-- Your goal --
Only the lines in the entries below from the line with "Cutie girl』収録の『Cutie girl』ジャケット" to the line with "Adventmärkte in den", both included, belong in the answer, transcribed exactly and without pictures.

-- Available data --
┄┄┄┄┄┄

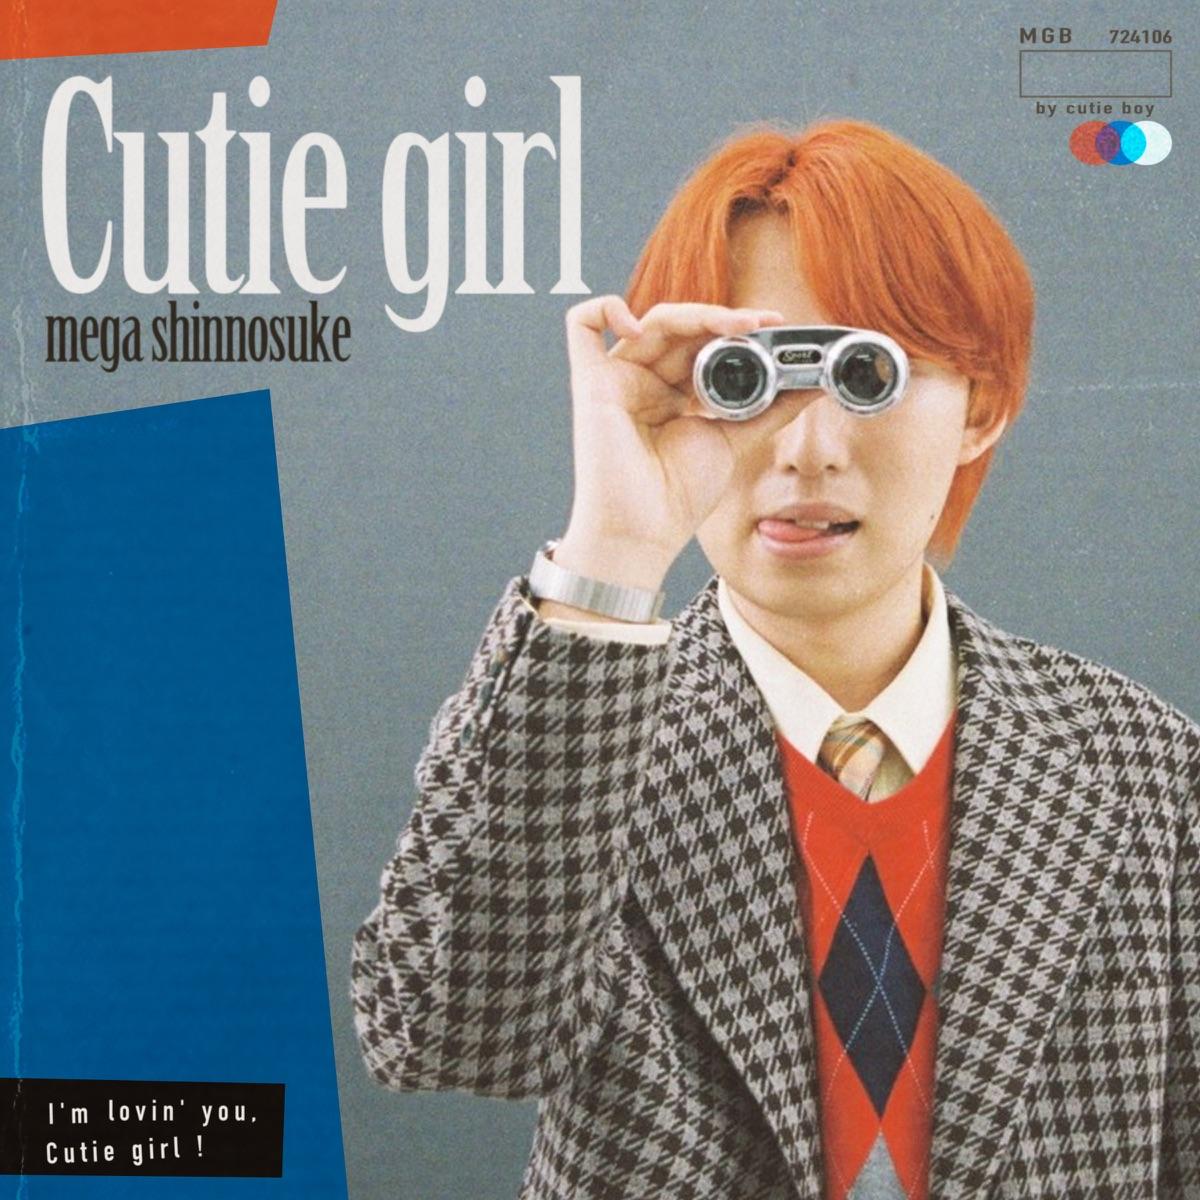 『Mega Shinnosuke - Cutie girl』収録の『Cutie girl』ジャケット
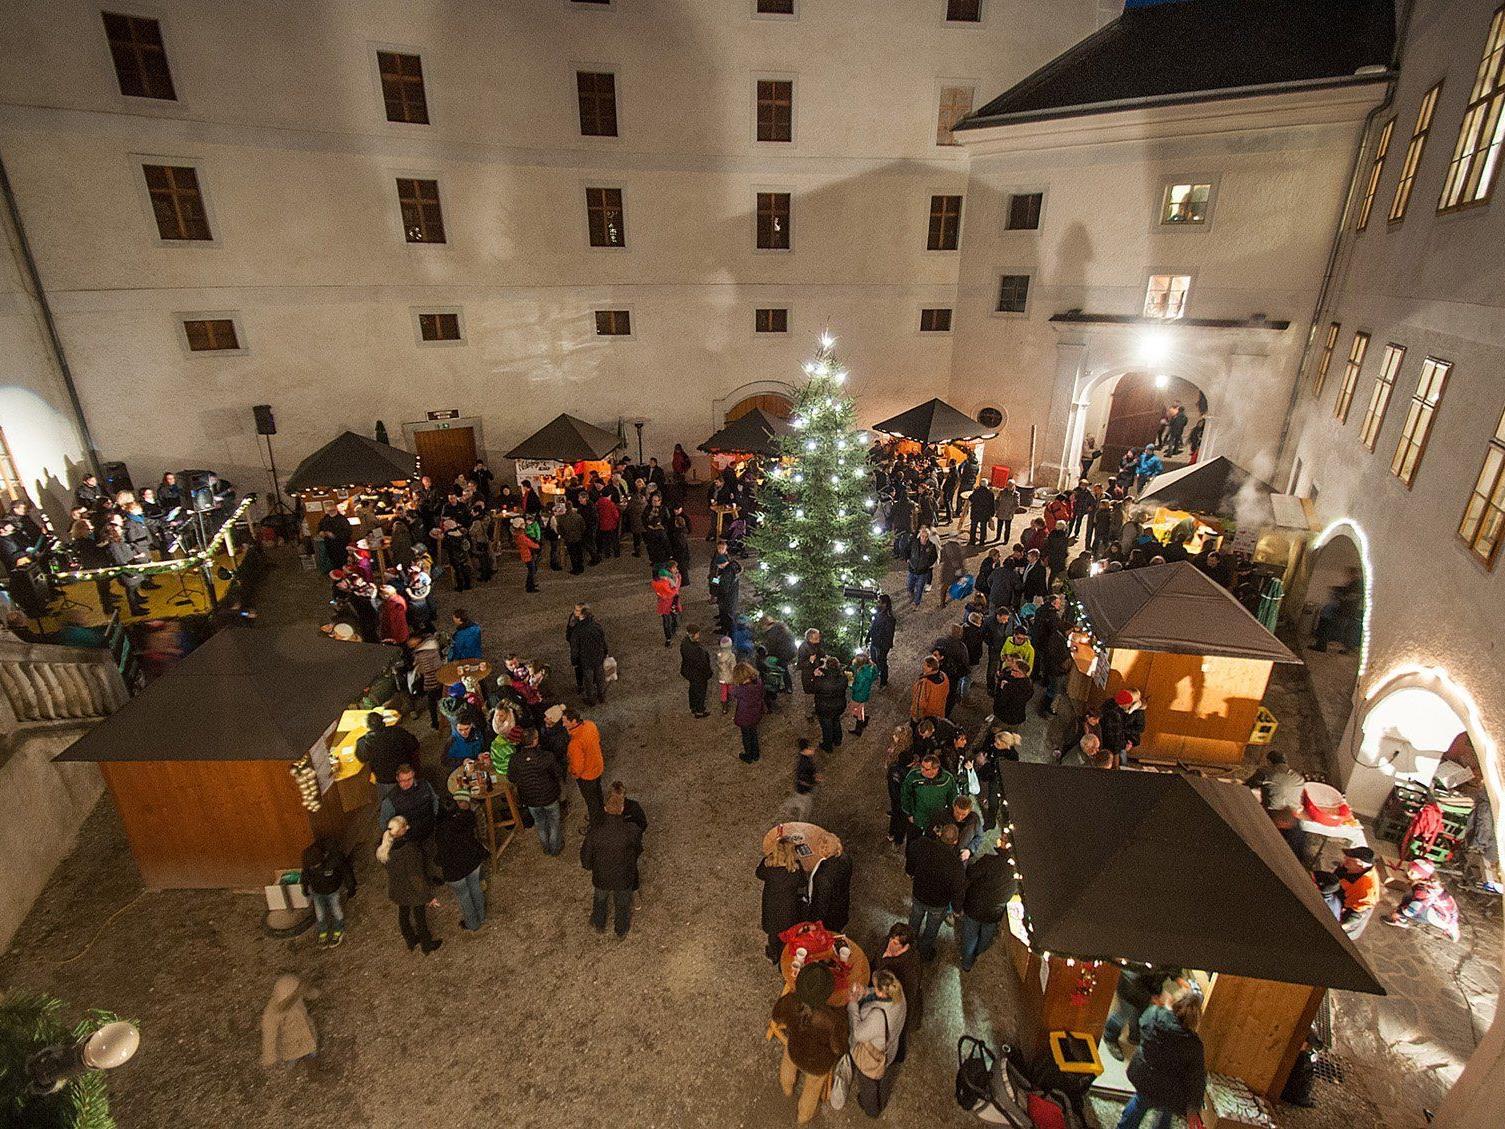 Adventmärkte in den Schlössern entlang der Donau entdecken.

┄┄┄┄┄┄

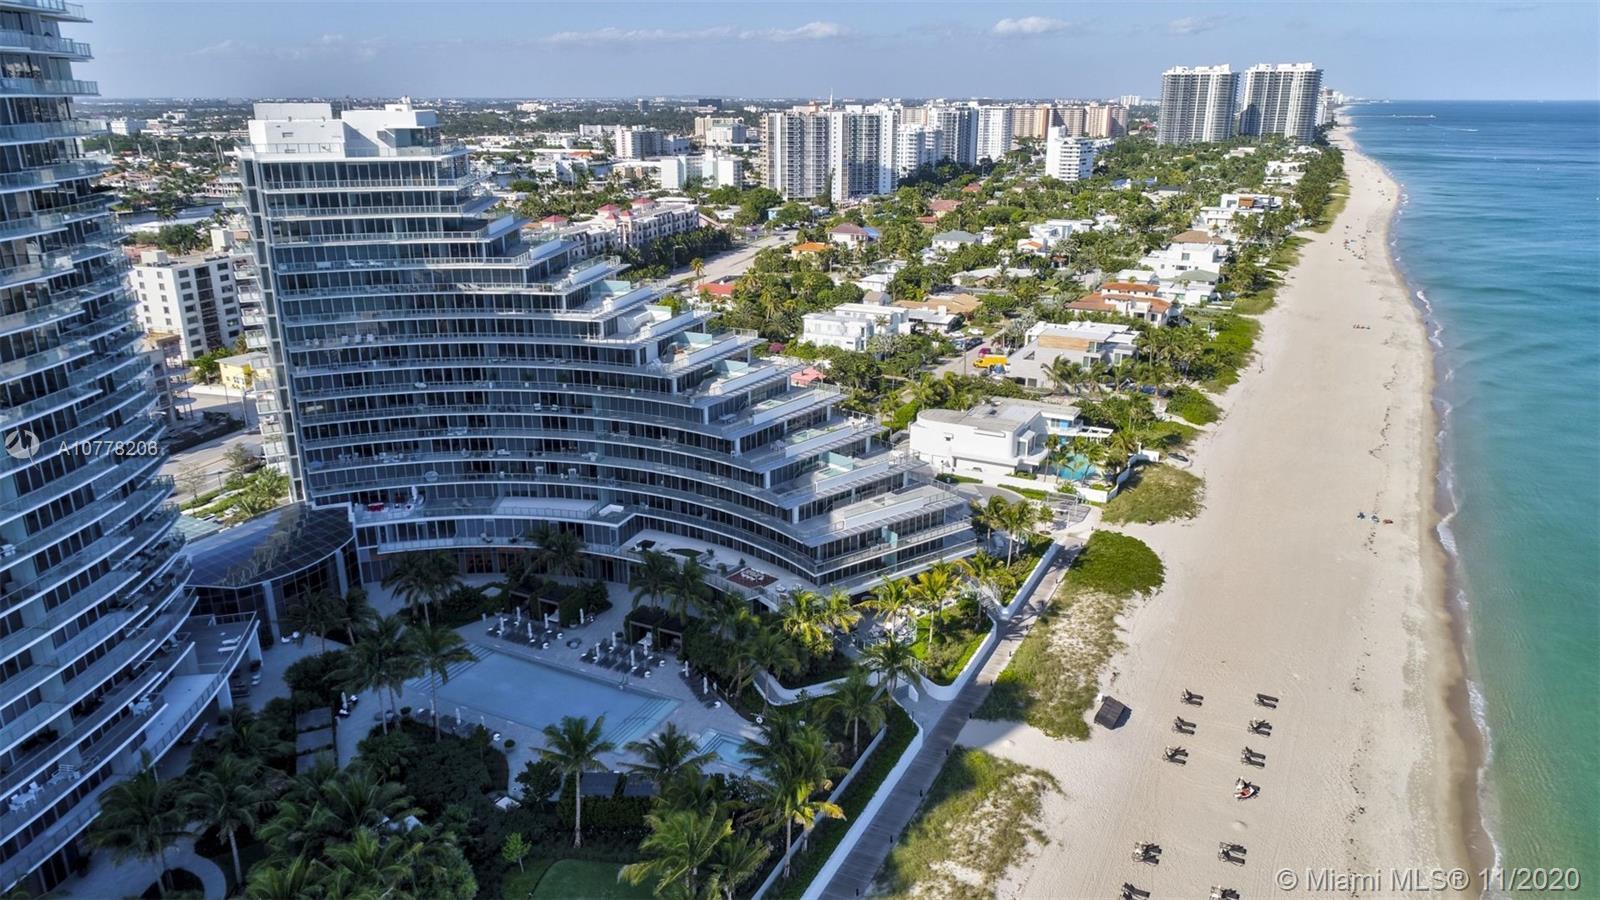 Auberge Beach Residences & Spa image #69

┄┄┄┄┄┄

-- Solved exercise --
 『Mega Shinnosuke - Cutie girl』収録の『Cutie girl』ジャケット
 Adventmärkte in den Schlössern entlang der Donau entdecken.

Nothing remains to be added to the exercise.